Foodora recently pulled out of Australia after facing legal proceedings against it by FWO for potential breach of law over sham contracting.
Ms McAlary-Smith says that although businesses deliberately disguise contracts in order to avoid liability, any agreement would be judged according to practical outcomes and not the contract alone.
“Any court and [the FWO] will also look at the reality of the arrangement in practice.”
A Federal Senate Inquiry last year recommended changes be made to the Fair Work Act (FWA) to protect against sham contracting.
Under the proposed changes, dependent and on-demand contracting would be covered by legislation, allowing workers to receive minimum wages, and other minimum work standards.
Mr McIntosh says delivery drivers for companies such as Melbourne Delivery should have more protections in place.
In the gig economy, workers are subject to a ranking system in the applications, so that when a worker takes a break from a regular shift, they lose their ranking in that list, he says. This shows that drivers don’t have genuine flexibility over when they work, and that the platform actually has control over work allocation.
In contrast, Mr McIntosh says, real subcontractors have much more control, despite the claims to flexible work-hours in the gig economy.
“It’s the rights, not the label, that matters.”
Mr McIntosh advocates for a federal regulatory system, similar to that already established in NSW.
“What we need is a specialist transport tribunal that can deal with all transport workers, that is easily accessible, either free to access, or very cheap, it’s very efficient, deals with things quickly, and can give fair outcomes,” he says.
“So that’s a real crucial piece that’s missing in regulation at the moment. There should be regulation that gives all transport workers a minimum suite of rights and standards.”
Experts are also in conflict over whether the legal tests for contractor and employee need revising to create a new category of worker to cover those in the gig economy.

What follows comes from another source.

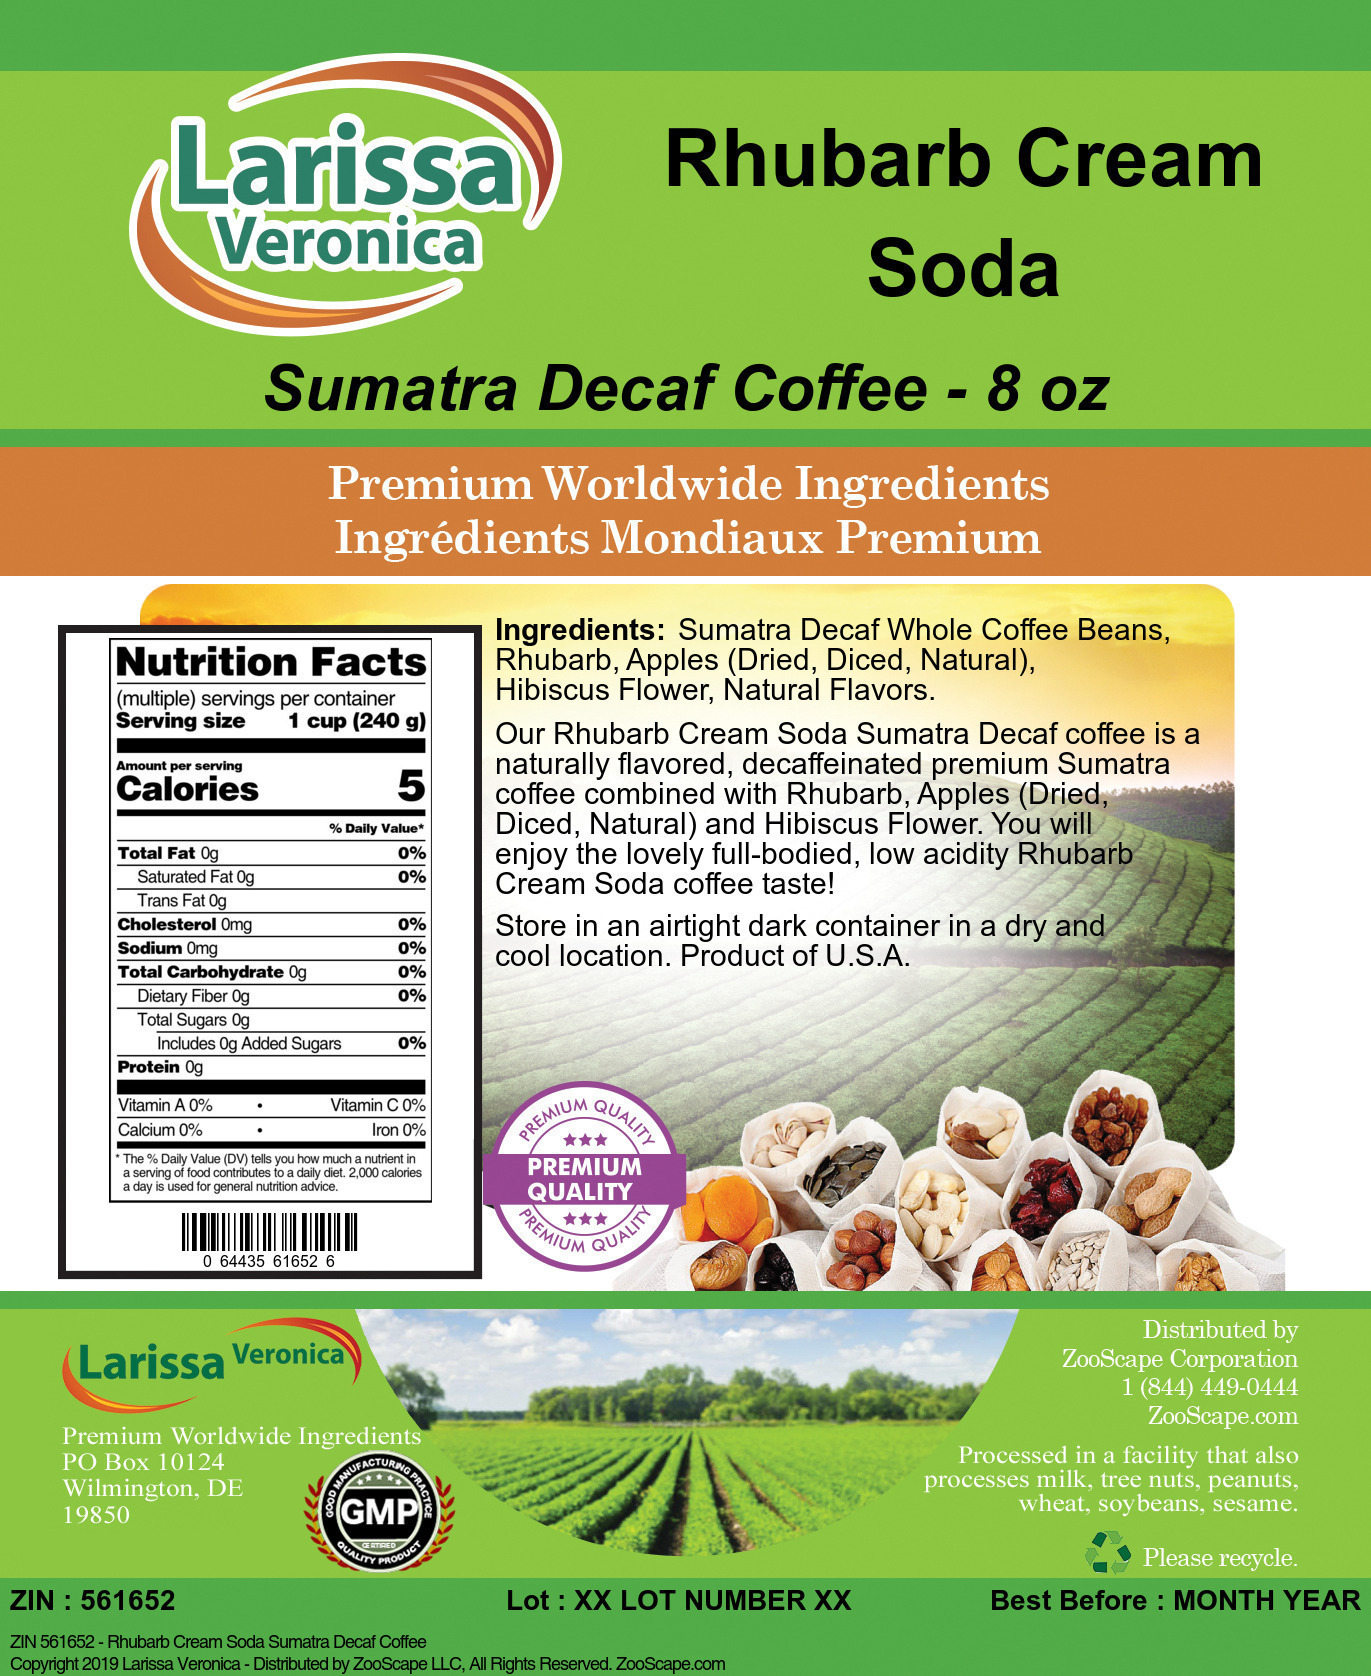 Rhubarb Cream Soda Sumatra Decaf Coffee - Label

Institute of Public Affairs adjunct legal fellow Aaron Lane, who is also an RMIT lecturer in business and law, says there is already a well-established legal test that is both clear and consistent.
“There doesn’t seem to be any great need to overturn that, other than hypothetical problems,” Mr Lane says.
Ms McAlary-Smith however believes a new category for the workforce is a possibility.
“Is there some other category? Perhaps yes, and perhaps not. That’ll be a conversation that Australia will need to have as a community,” she says.
Melbourne Delivery Service was contacted for comment but did not provide a response.